Он продолжал канючить, пока выведенная из терпения мать не сказала ему тоном, ясно сигнализировавшим, что терпение матери истощается:
– Да иди ты отседа хоть к черту на рога!
Она подумала при этом, что в праздничное утро негоже бы посылать ребенка к черту и как бы это не обернулось худом, так как черт не знает праздников. Но тут ей показалось, что пригорает студень, она кинулась к печке, вытолкав Генку прочь из комнаты.

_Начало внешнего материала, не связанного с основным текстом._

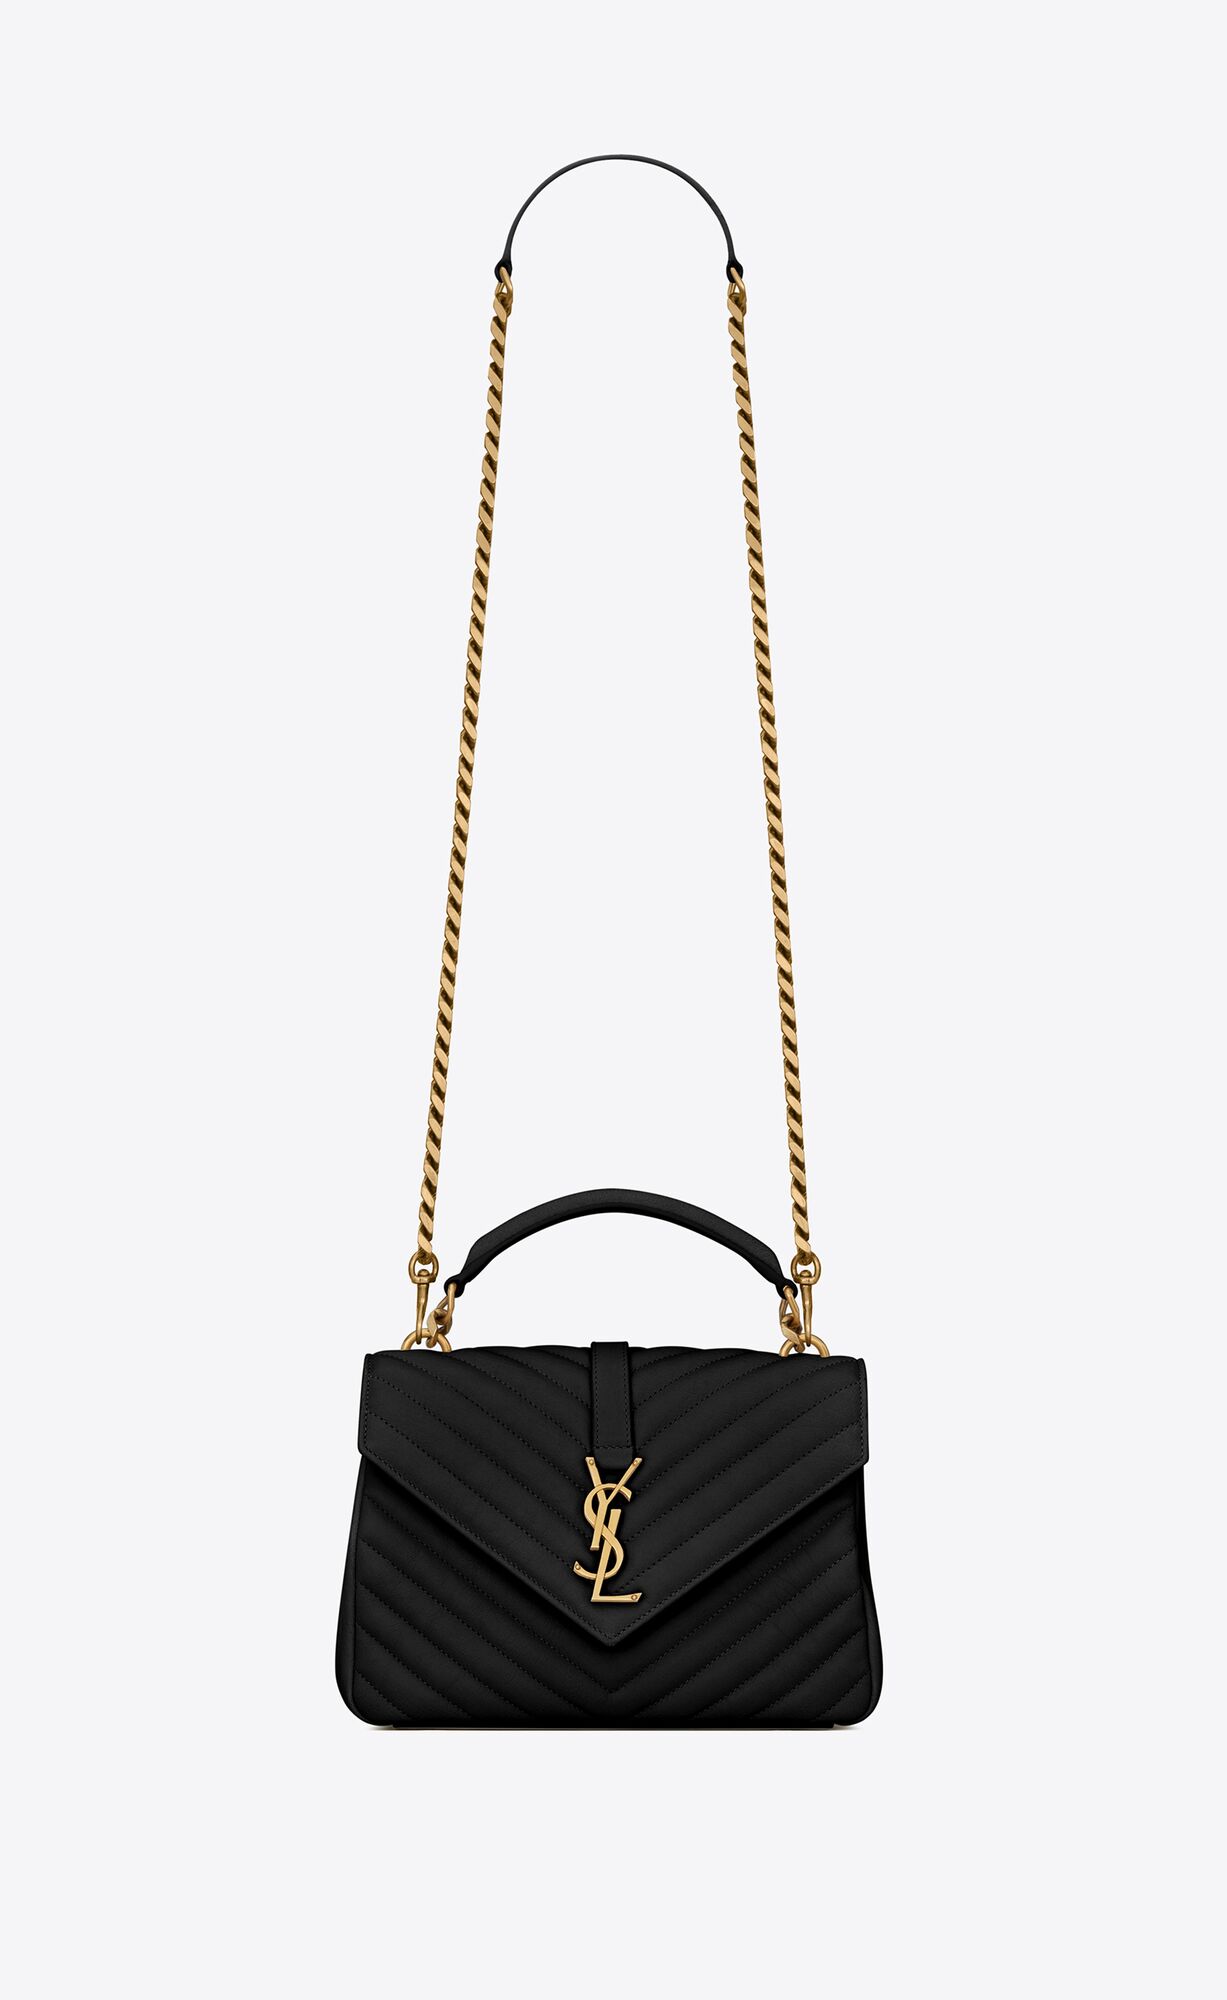 Saint Laurent College Medium Chain Bag In Quilted Leather – Black – 600279BRM071000

Радио разрывалось в комнате на части, гремя маршами. Купленный на барахолке разбитый репродуктор вносил свои посильные дополнения в музыку советских композиторов, сипя, треща, трепеща краями выбившегося из металлической оправки бумажного рупора. Генка вышел на веранду. С главной улицы неслась волнами та же музыка, но как она звучала! За ночь техники установили на столбах новые, только что полученные, какие-то хитрые, короткие, светлые, в несколько слоев дюраля, уличные громкоговорители. Старые же, длинные, черные, узкие, больше всего похожие на старорежимные медицинские стетоскопы, исчезли, чтобы уже никогда не появиться…
Генка изнывал на веранде, дожидаясь Вихрова, который обещал взять его с собой на демонстрацию. Вихров медлил. Генка вошел в коридор. Подошел к двери соседей, послушал – там ходили, двигали стульями, что-то лепетал Игорешка; в общем, они поднялись и тоже собирались. Генка хотел постучаться и напомнить соседу, что уже пора бы и выходить из дому. В этот момент он услышал раздраженный голос Вихровой:
– По-моему, ты все-таки ненормальный, папа Дима! Ну, я понимаю, тебе надо идти… а бедный ребенок при чем тут? Намерзнетесь, находитесь, ребенка простудишь! А смысл? У других…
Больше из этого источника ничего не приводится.